3D PAPER MODELING                                                                              Static Samples     Kinetic Samples

My latest hobby involves making 3D models from thick paper stock. It is a challenge that requires designing a shape that when cut and folded will create a 3D model. While designing a shape is relatively easy, cutting and folding precisely requires patience and skill.

Enters the electronic cutter, a machine that functions basically as an inkjet printer but with a sharp blade on a pivot instead of an ink cartridge. It is basically a table top X-Y plotter with a blade instead of a pen.

Also it is essentially the same type of cutter used in the vinyl sign industry but with some modifications so it can cut through the material rather than cut only the vinyl without its backing.

Depending on the brand and size of such a cutter, it is possible to cut a very thick paper, up to about 1/8" thickness and to cut through some thin plastics.

I bought recently such a cutter, brand named Silver Bullet. The cutter is made in China by Foison Industries and is distributed under at least two brand names with small differences between them. The Silver Bullet comes in 3 widths, the 24" model being the widest. The picture below is the 24" model which I bought in October, 2012 for about $1,200. This cutter is about 34" wide and can accept media of up to about 27" in width. The material moves back and forth and the blade cartridge moves left and right.

To solve the problem so the cutting blade will go through the material without damaging the machine, a thin cutting mat is placed underneath the material being cut. The mat is about 20 thousands of an inch thick, so one needs to adjust the blade depth of penetration carefully. The force or pressure on the blade is adjustable so one can cut partially or through the material as needed. The cutter connects to a computer either via a USB or a Serial cable.

This cutter uses a very basic graphics software called SCAL which communicates with the cutter and allows to execution of the commands on the computer screen. Fortunately, one can import SVG files into the software, which means that one can work with an advanced vector software program such as Adobe Illustrator, which is what I use.

The end product, that is the cut paper shapes, range from acceptable to excellent, depending on the experience of the operator and the limitations of the machine.

Here are some samples of paper-art which I have done recently: PAPER MODELING SAMPLES

I am still learning the ropes of this machine but one of the features which attracted me was the ability to print an image on a conventional printer, then to place it in the cutter and cut the image. What actually needs to happen is to send the print command to the printer from within the SCAL software.

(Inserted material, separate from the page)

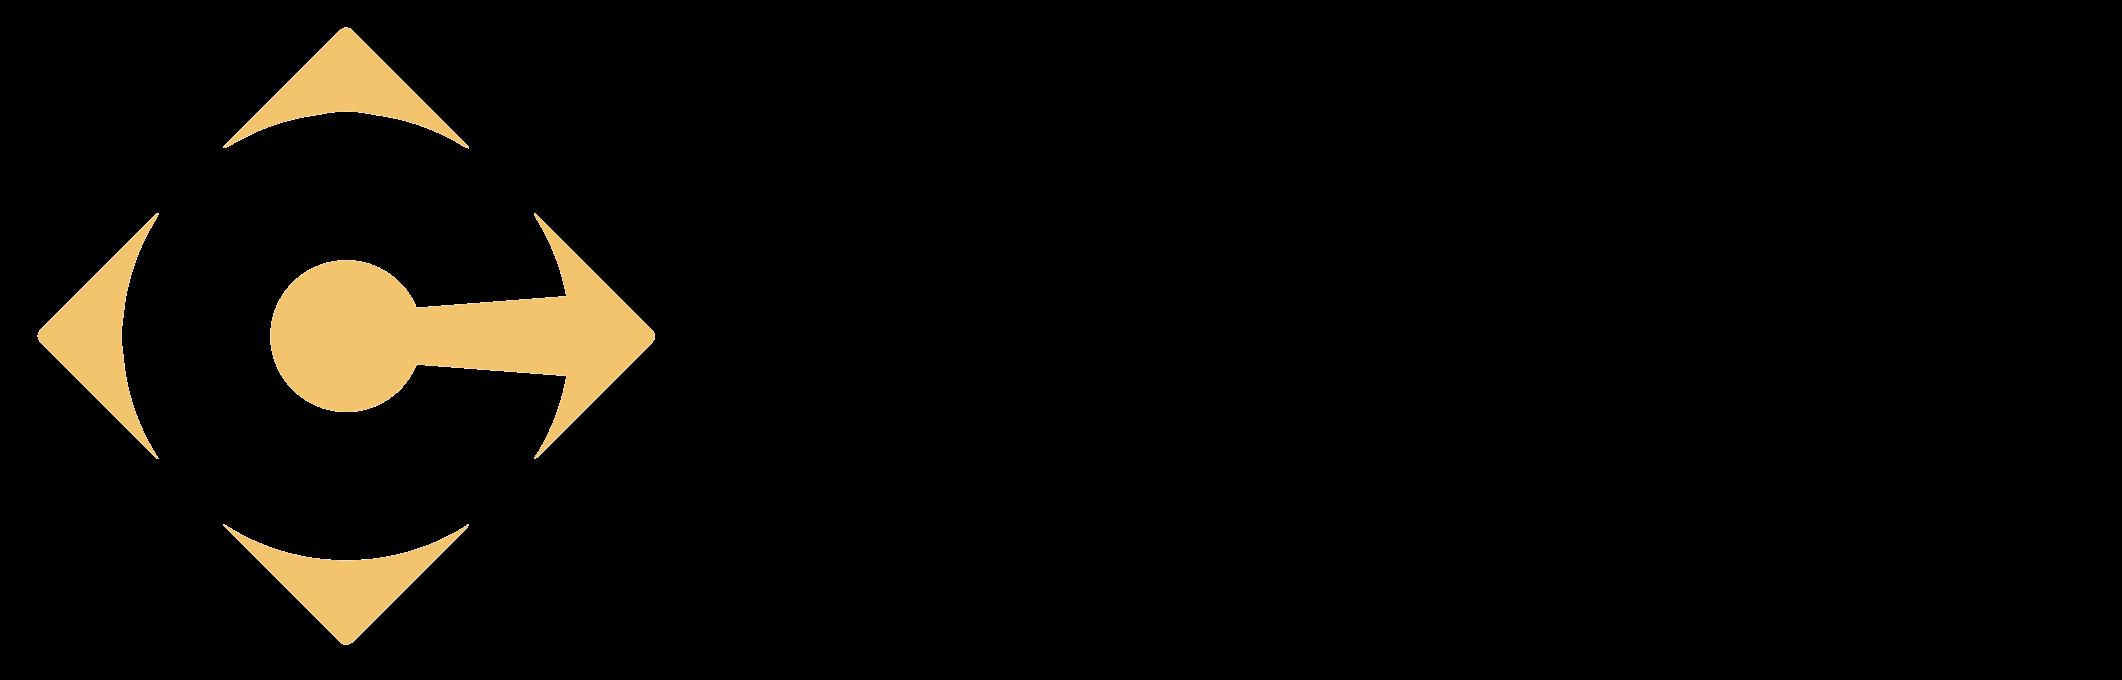 xlogo_black_text.png.pagespeed.ic.8idgrmJSi2

This allows the placement of 3 registration marks around the shape, which are then used by the software to tell the cutter where the reference points are. This procedure is called "Print and Cut" although in reality the print part and the cut portion are done on different machines.

In order to match the registration marks on the computer screen with the physical registration marks which were printed on the same sheet of paper as the shape, one has to direct the blade via arrows on the screen. So much for theory. Unfortunately the machine times out at this specific mode of communication in less than 5 seconds. This bug is admitted by the makers of the software and apparently affects some machine/computer combinations and not others. Too bad that it affects my machine. Of course I tried to get help through the usual channels and forum boards, but all suggestions were of little practical use to me at this stage.


I did find a solution. My solution is basically doing the process in reverse. I call it "Cut and Print".  Basically the shape is designed, then cut on the cutter and then printed on top with whatever graphic you wish.

Here are the details of my solution.

1. Design your shape and place the cut lines on one layer and the graphic image on a second layer. Only the cut lines will be used by the cutter.

This is a screen shot of the desktop of SCAL with my imported image. The large blue frame is the virtual mat. The cutter follows only vector lines and ignores everything else, so in the example above, it will cut the outline of the blue shape and the outline of the letters. (The letters were converted to vector outlines previously in Adobe Illustrator.)

2. Place a sheet of paper in the cutter and send a "cut" command to the cutter.

3. Remove both the cut shape and the paper around the shape carefully from the cutter and turn both parts upside down. Use removable tape to secure the cut shapes to the original sheet.

4. Measure the exact distance of the cut shape in relation to the paper and place the graphics exactly at that location on the screen.

5. Insert this assemblage into your printer to print the graphic inside the cut piece.

The graphic consists of the blue shape and the "penta" portion of the word "pentagone" (notice the play on words...) The "gone" part of the word was cut when the outside part was also cut.

6. Here is a picture of the actual finished piece. Notice the cut lines in the "gone" part:

Yes, it's gone!

Although I solved my specific problem, one has to remember that the solution depends on having a high end program like Illlustrator, where accurate and precise positioning, etc., can be accomplished. Although I have not had a chance to try the original "Print and Cut" method, the method described here is precise to a fraction of a millimeter!

Having done all that, I am awaiting for an updated version of the SCAL software so I can compare both methods.

To my surprise and delight, after a few back and forth discussions about the problem, the software company which makes SCAL, solved the problem and sent me directly the updated version of the software. Having dealt with software companies in the past and getting nowhere, I am happy to report that the solution works. Hurray for this software company!